_Your instructions:_
Pictures aside, copy exactly the lines running from the one with "English manufacture from" to the end of the records.

════

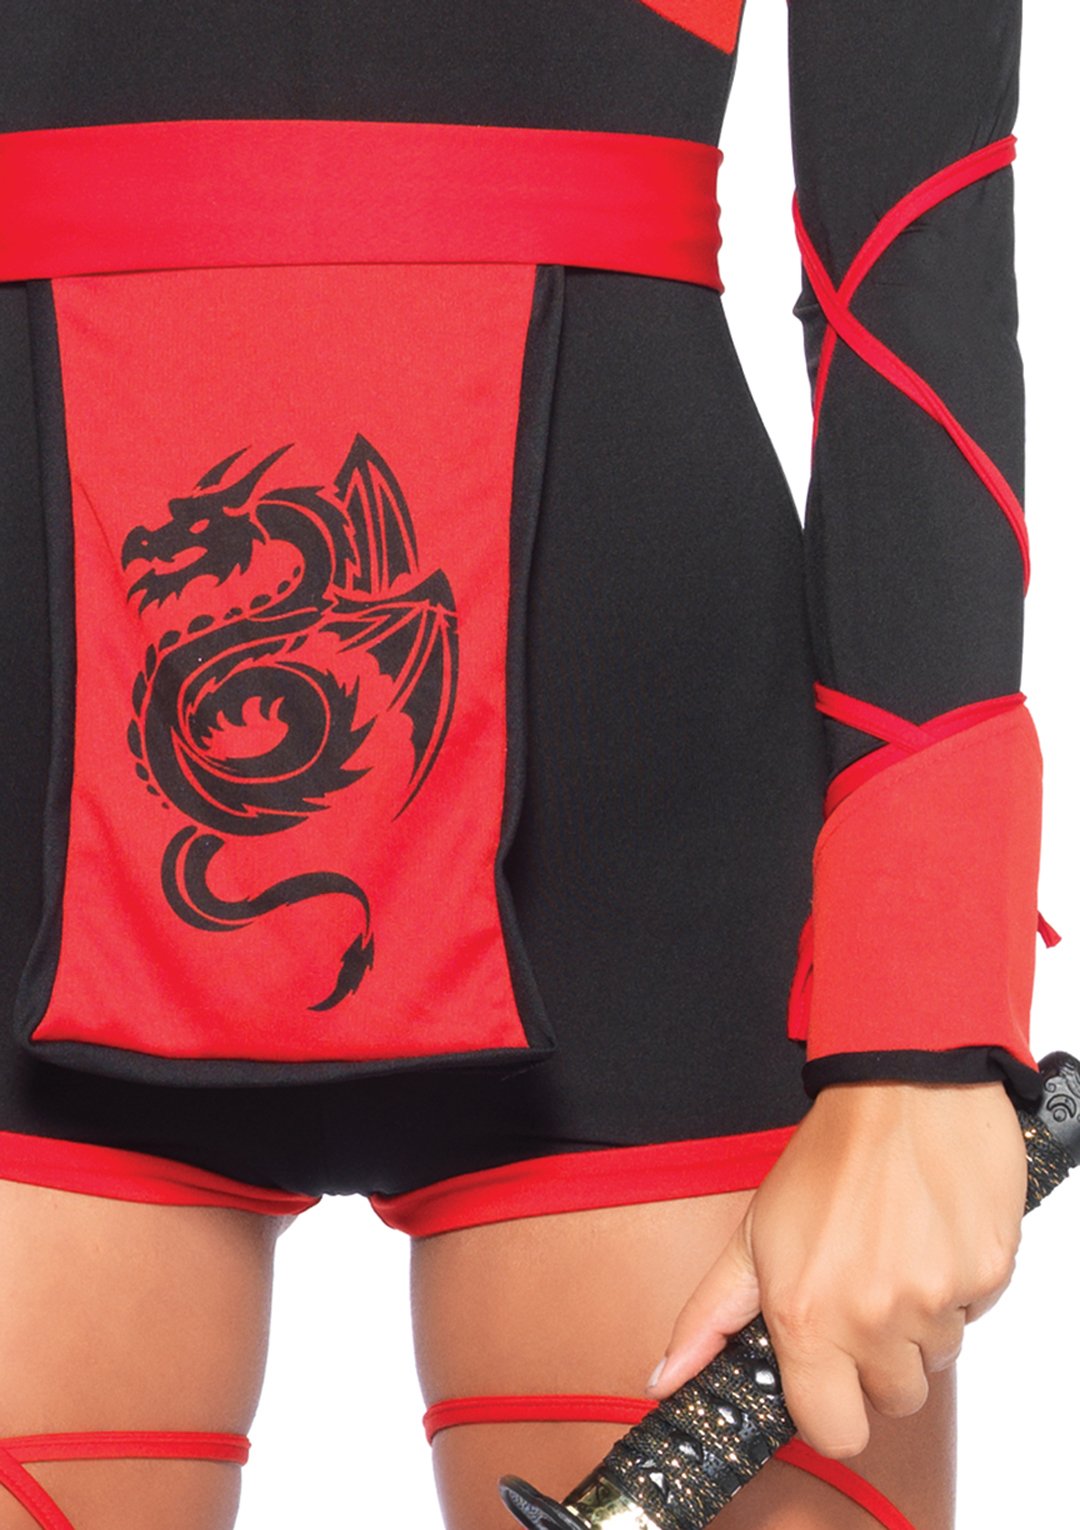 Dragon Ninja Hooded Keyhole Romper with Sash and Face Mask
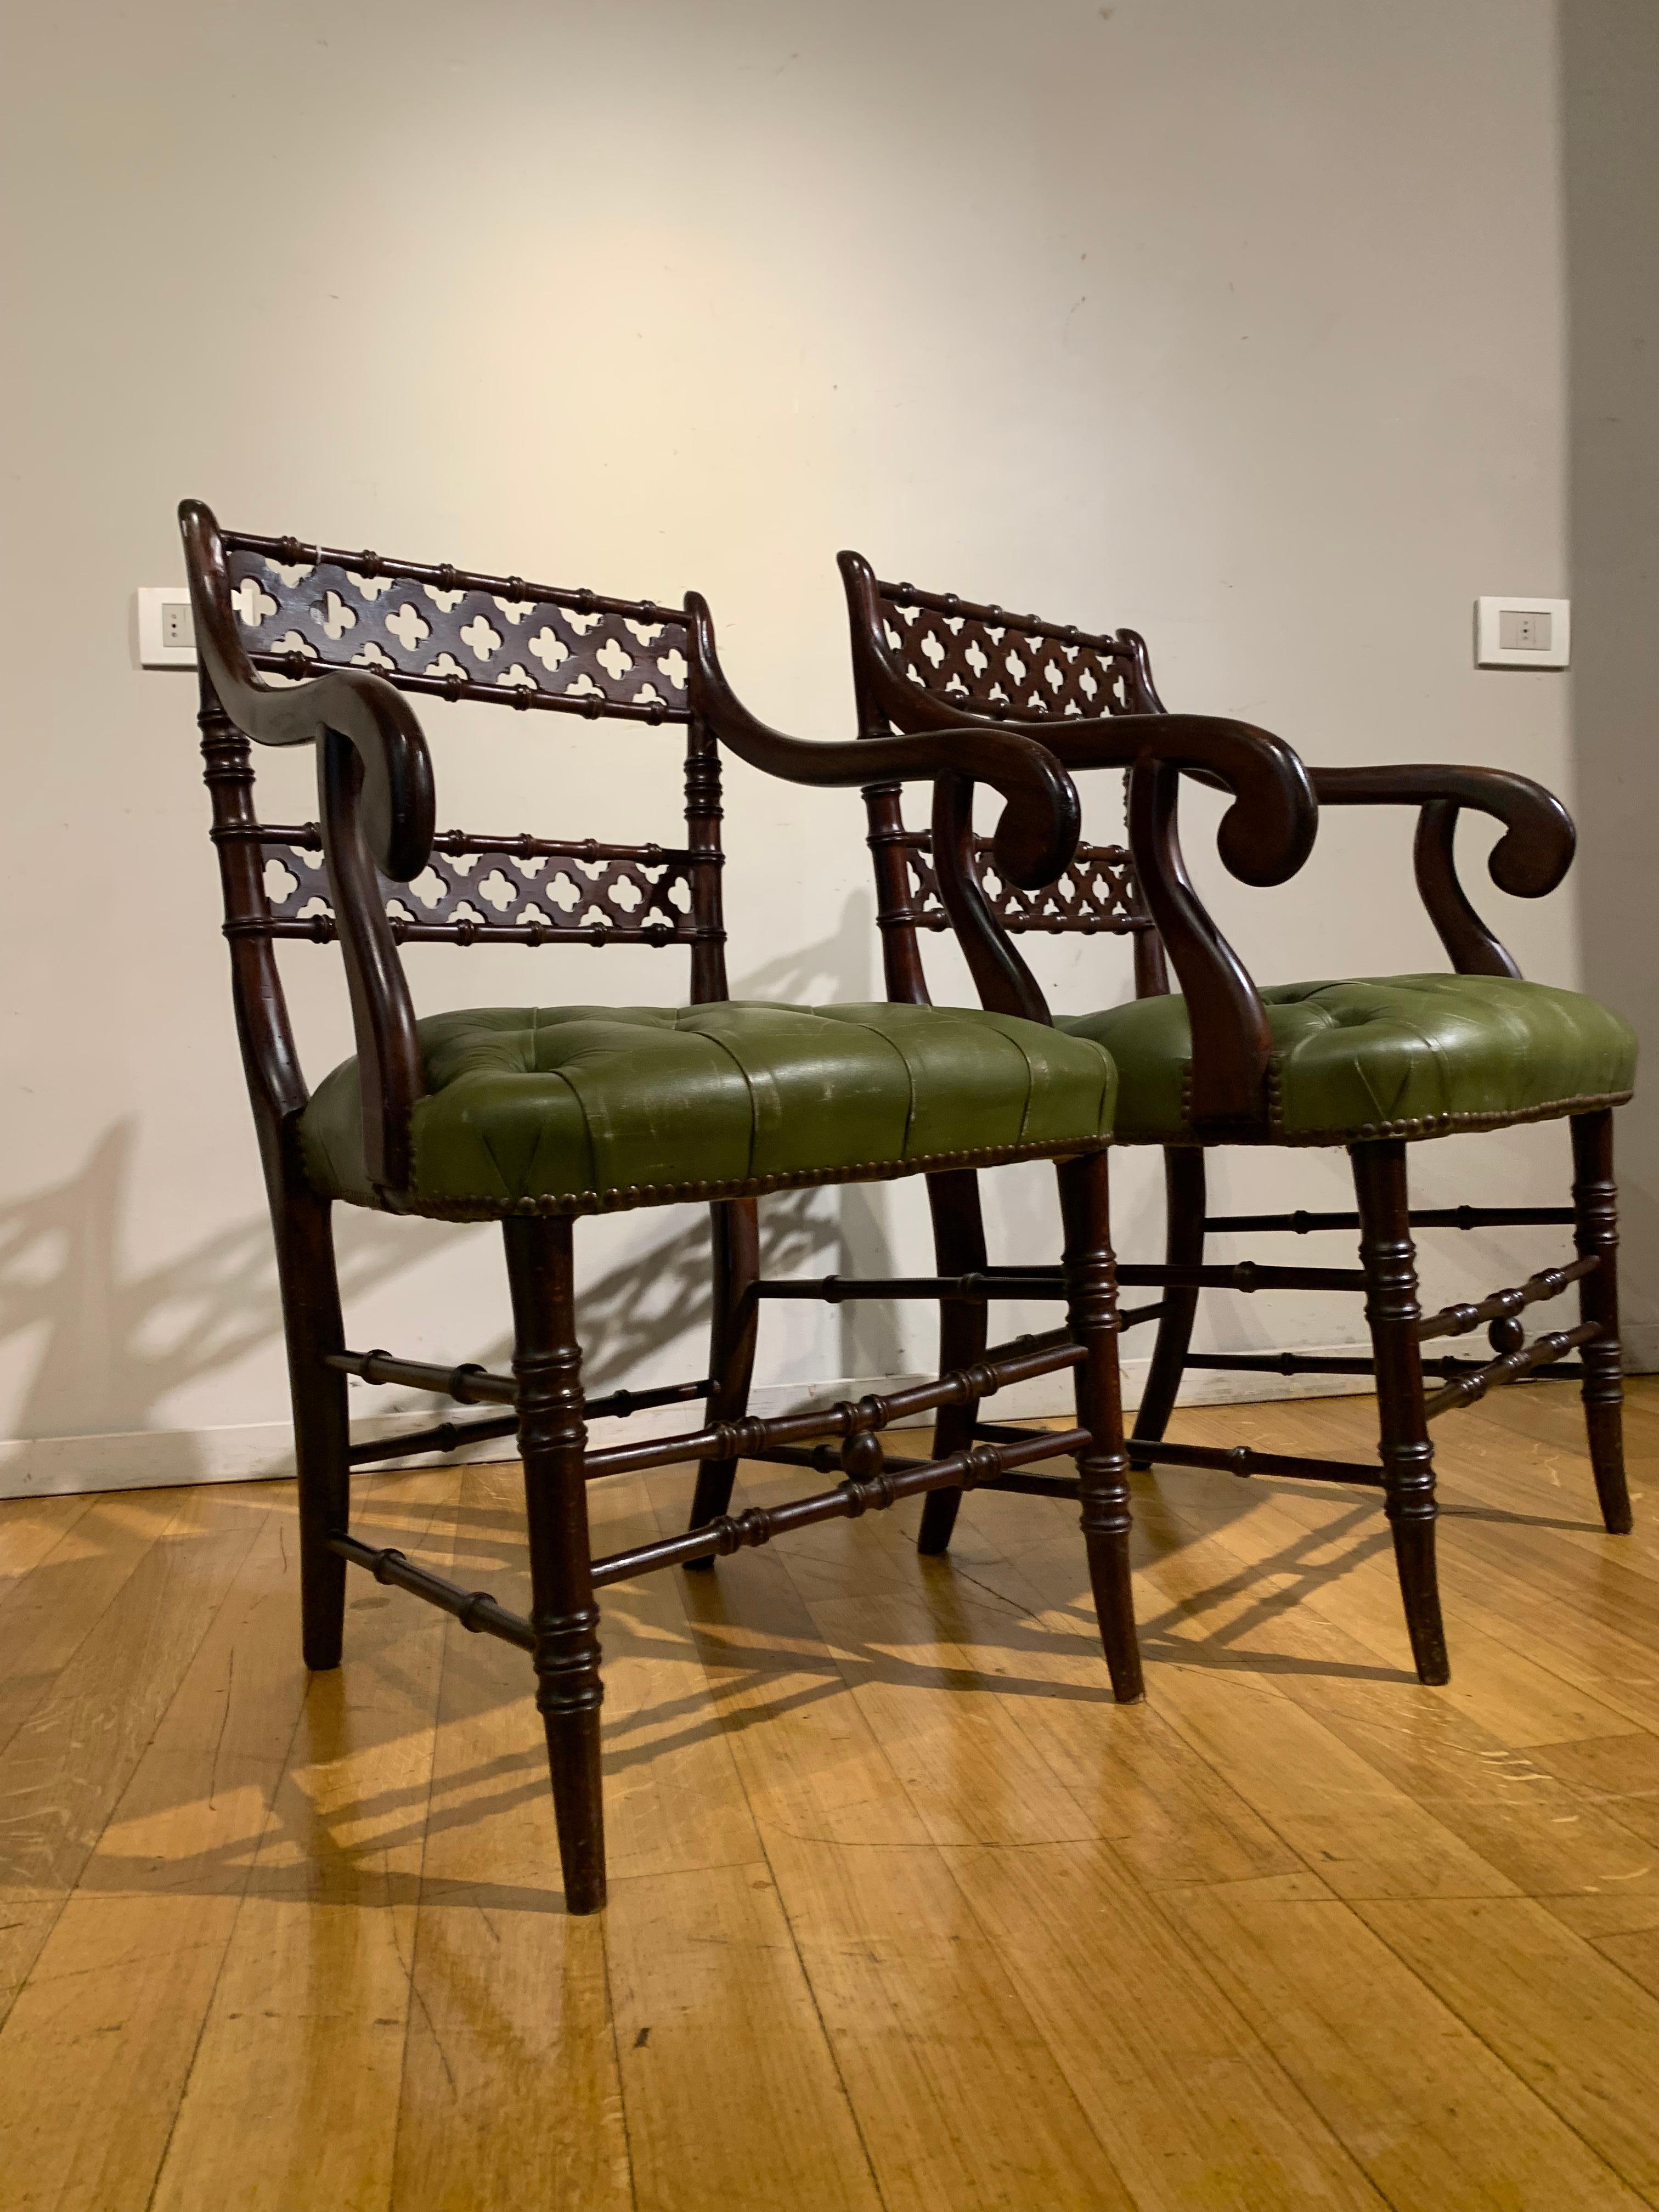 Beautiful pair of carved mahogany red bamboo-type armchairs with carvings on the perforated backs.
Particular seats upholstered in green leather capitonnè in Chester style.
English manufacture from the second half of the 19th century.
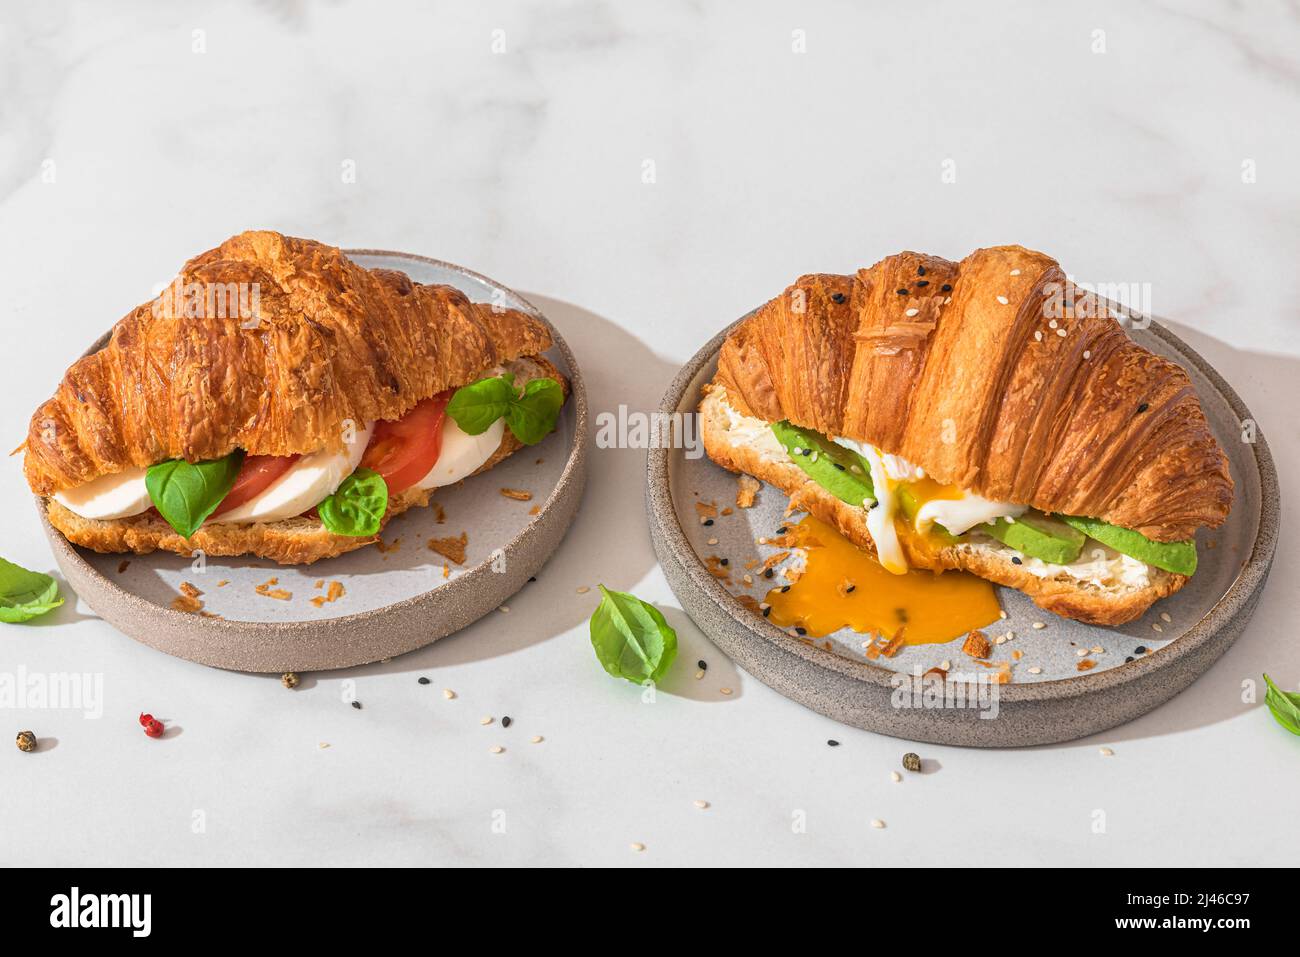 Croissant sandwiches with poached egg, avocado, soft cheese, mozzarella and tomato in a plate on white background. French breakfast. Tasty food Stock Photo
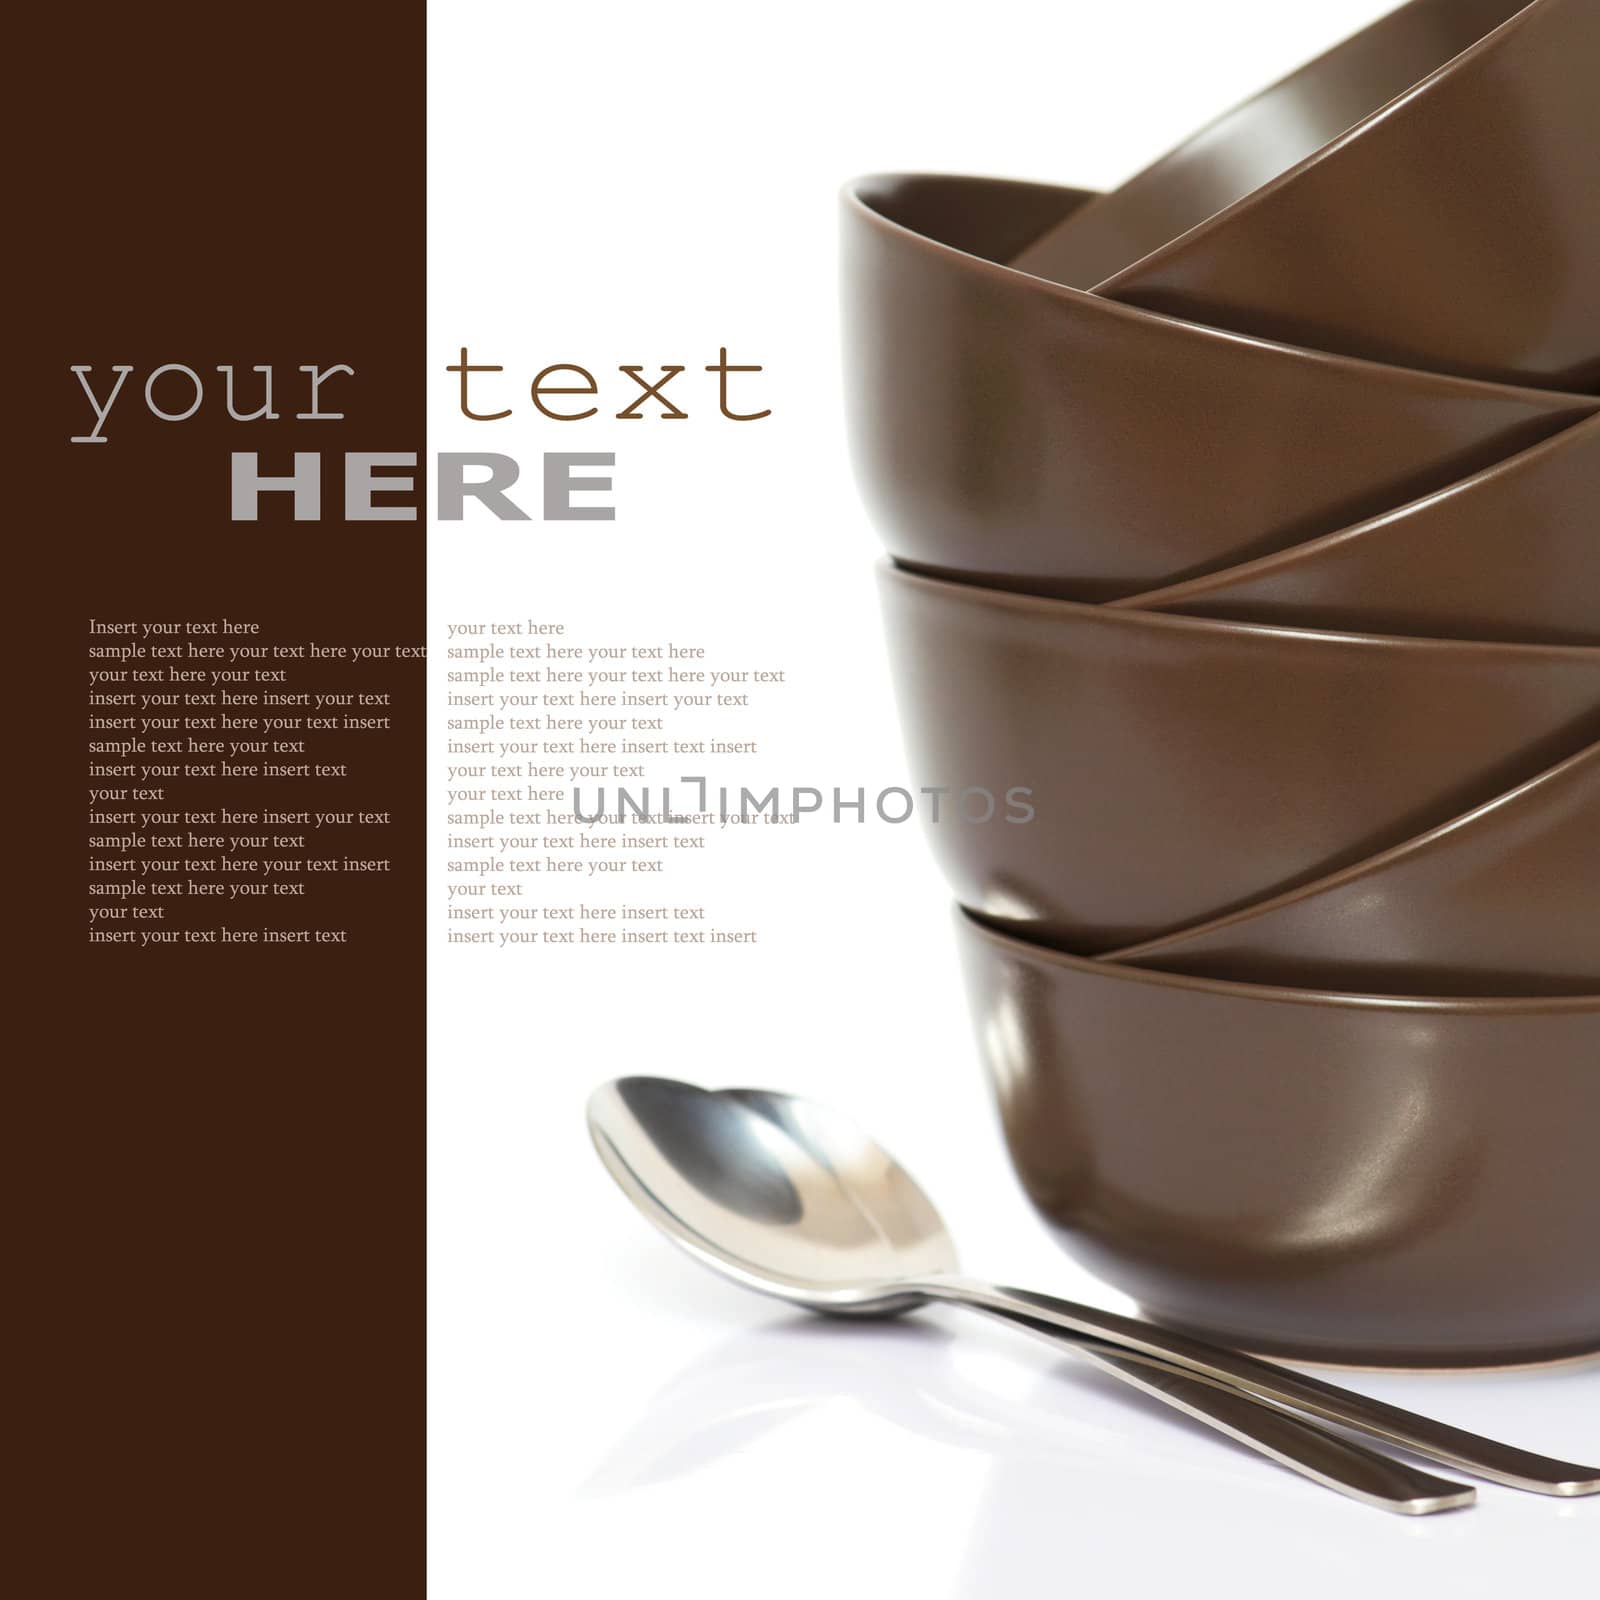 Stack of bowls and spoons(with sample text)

════

_Output for this exercise:_
English manufacture from the second half of the 19th century.
 Croissant sandwiches with poached egg, avocado, soft cheese, mozzarella and tomato in a plate on white background. French breakfast. Tasty food Stock Photo
 Stack of bowls and spoons(with sample text)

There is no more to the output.